WARNING: Spoilers and challenge-answers are provided in the following writeup.
Official walk-through video is as well available at Youtube - Cybrites.
Day 15 - Jingle Bell SPAM: Machine Learning Saves the Day!
When implementing Machine Learning (ML) in processes, its important to know the "Machine Learning Pipeline". This builds upon yesterday's challenge where we walked through the high level understanding of what ML really is.

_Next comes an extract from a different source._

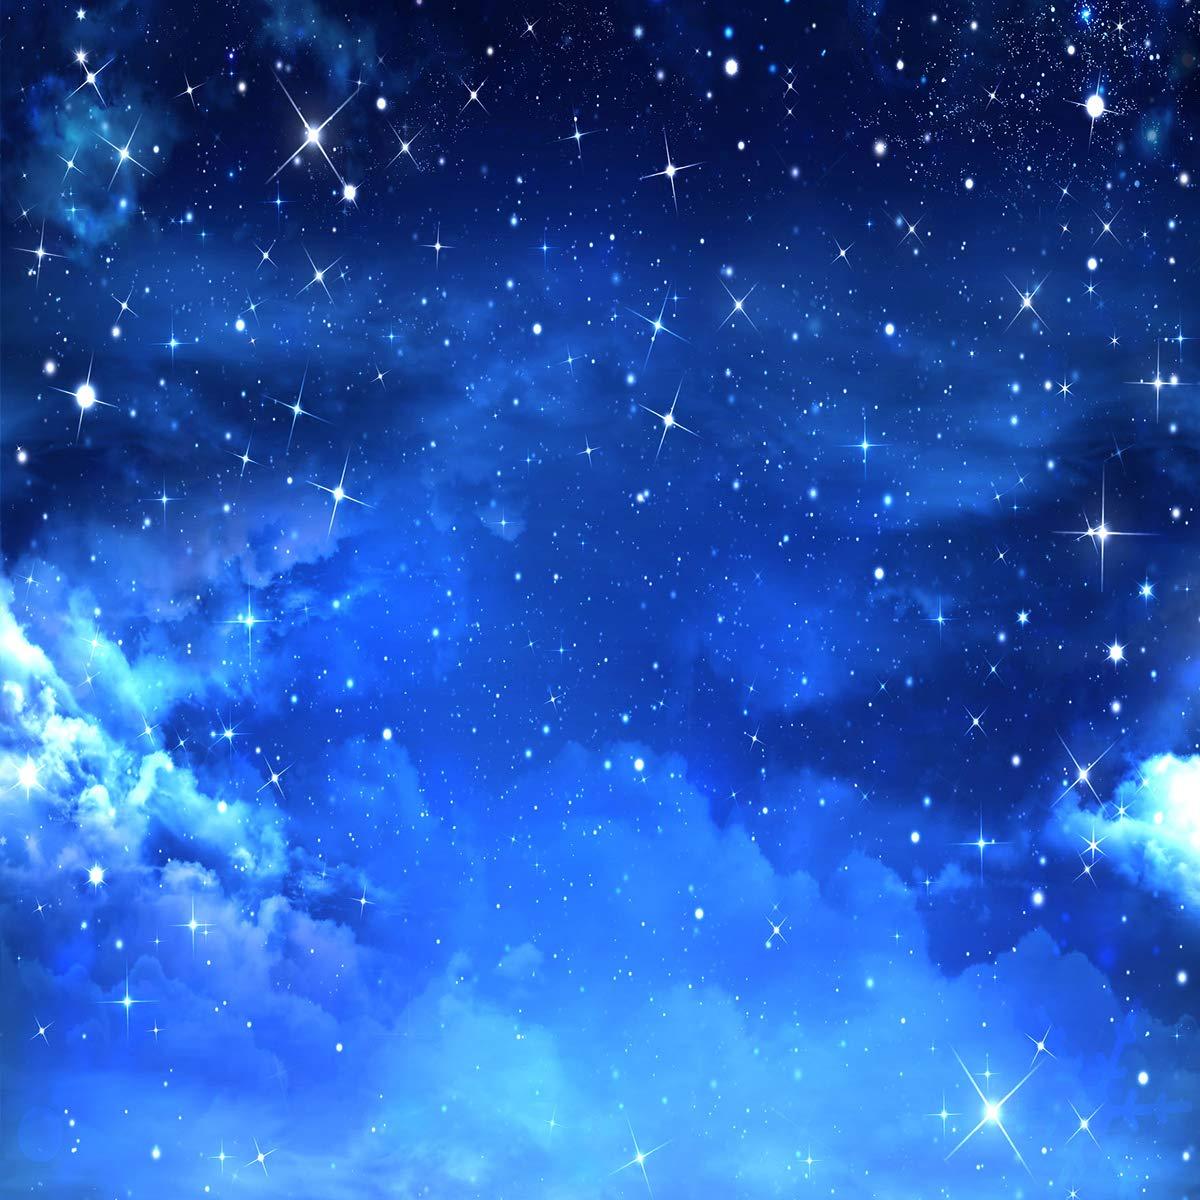 8 x 8フィート マイクロファイバー背景 星空の夜 雲 写真背景 パーティー 誕生日 背景 ベビーショー 写真ブース小道具   B07KY4FCVC

The first step in the pipeline is tremendously important - ML would not be possible without it. Data Collection. We need to collect data that we can train on, verify and test our model on. After collecting the data, next step is Data Preprocessing. This is as well a very important step, as we need to clean, normalize and standardize the data. Furthermore, we can transform, reduce, extract and engineer features on the data for enabling the ML model for better predictions, better understanding the data and more. We then need modeling. This is done by splitting our initial dataset into two sets for train and test, then applying our training model and finally evaluating the models performance.
The Challenge
Much like yesterday's challenge about Machine Learning and building a neural network, we are tasked today with utilizing a training model called "Naive Bayes Classifier" to predict spam emails.
Reading through the challenge-description and following along in the provided Jupyter-notebook, we can answer the first few questions. The main key step in an ML pipeline is data collection as we cannot train, test or otherwise work with ML without data. Having the data, we then need to process it and prepare it. One piece of this data preprocessing is about creating new features or modify existing ones to improve model performance and this one is named "Feature Engineering".
After training our model in Jupyter-notebook, we are asked what the weighted average for the precision is, which we can see in the model evaluation report.
Next up, we are tasked to answer how many emails from the test-dataset has been predicted/marked as spam. Running our trained model on the test-dataset and we can see three predicted spam emails.
And lastly, we need to find a secret code from within one of those predicted spam-emails. We can use pandas to filter in the prediction-column and ensure to show the entirety of the messages.